Both actors are convincing as a love pair. They are candid most of the times and I know most of the viewers had a great time seeing these two stars riding in horses and chasing calves. It is risky in a way and I admire both Pascual and Locsin in having the courage in doing most of the stunts. Also, I can sense that Pascual has really the potency to be very accessible as an actor. He is so easy to be paired with anyone and that is quite a talent because that is the essence of making the story more convincing. His character as Migo has lots of weakness and much of it has ruined the opportunity to have Arah’s trust back. Although he gets to do one thing that is right and sensible. He opted not to sell part of the ranch. There is a hope for something to go back for.

Rory Quintos has a certain feel of what love is all about which is why she gets to direct a film with more bluntness towards this kind of emotion. It is a risk in itself. But the director and the writers have balanced this through the timely progress of their love which even took more than two years until Pascual’s character even went far to Australia. The sight of small scale festivals in the province and working abroad is believable as a backdrop. Although I have noticed that the horse scenes of the two stars could be more polished. Their efforts must be seen since it is hard doing all of that stuff. The camera works appears to be dull and listless. Innovation with the camera techniques might help these scenes look more forceful and engaging.

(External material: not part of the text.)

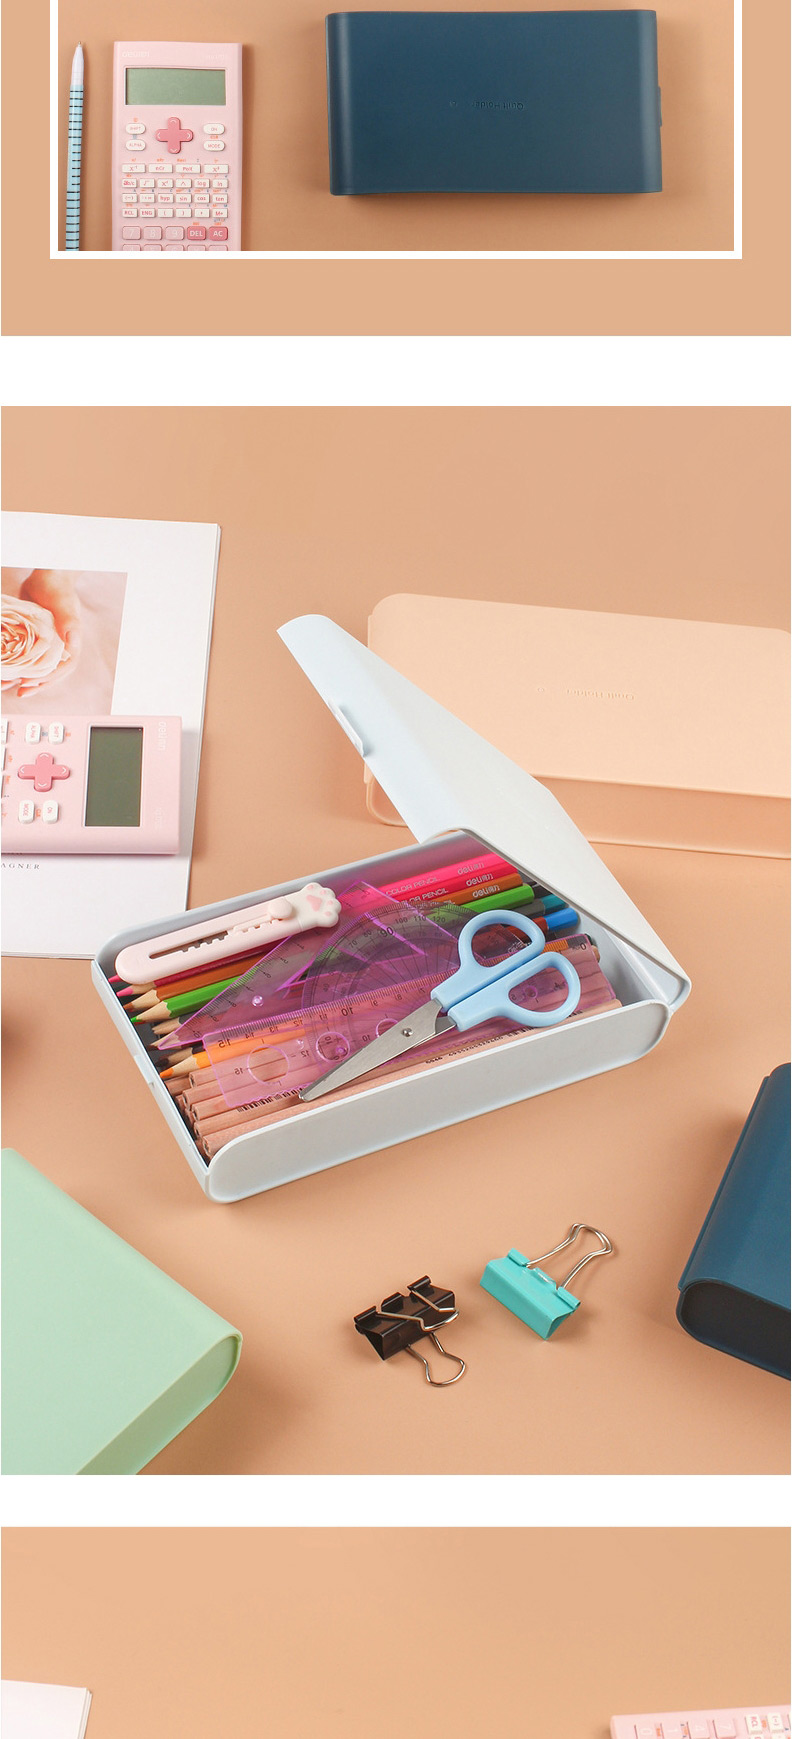 Fashion Khaki Solid Color Plastic Large Capacity Pencil Case Storage Box,Pencil Case/Paper Bags

Arah’s father once said to Migo that Bukidnon during his times had a flourishing Cowboy livelihood. At present, the refusal for change is not anymore practical. It is part of the metaphor of love, the refusal to yield once the passion has set, as seen in Migo’s refusal to move on despite the realities of a pragmatist’s world. There are opportunities given at every point in our life. And with those prospects, we have to deal with it with practicality. Love Me Again in relative terms is a film that could be enjoyed by most audiences. In recent times, the Filipino Film Industry is still struggling. Love Me Again could be sufficient for now. It has a logical conflict and even if the ending is a bit contrived, even the intelligent ones cannot argue as love is not perhaps greater but is independent of logic. It is the person’s choice whether to use logic and practicality in love or to dive head-on without the knowledge of depth.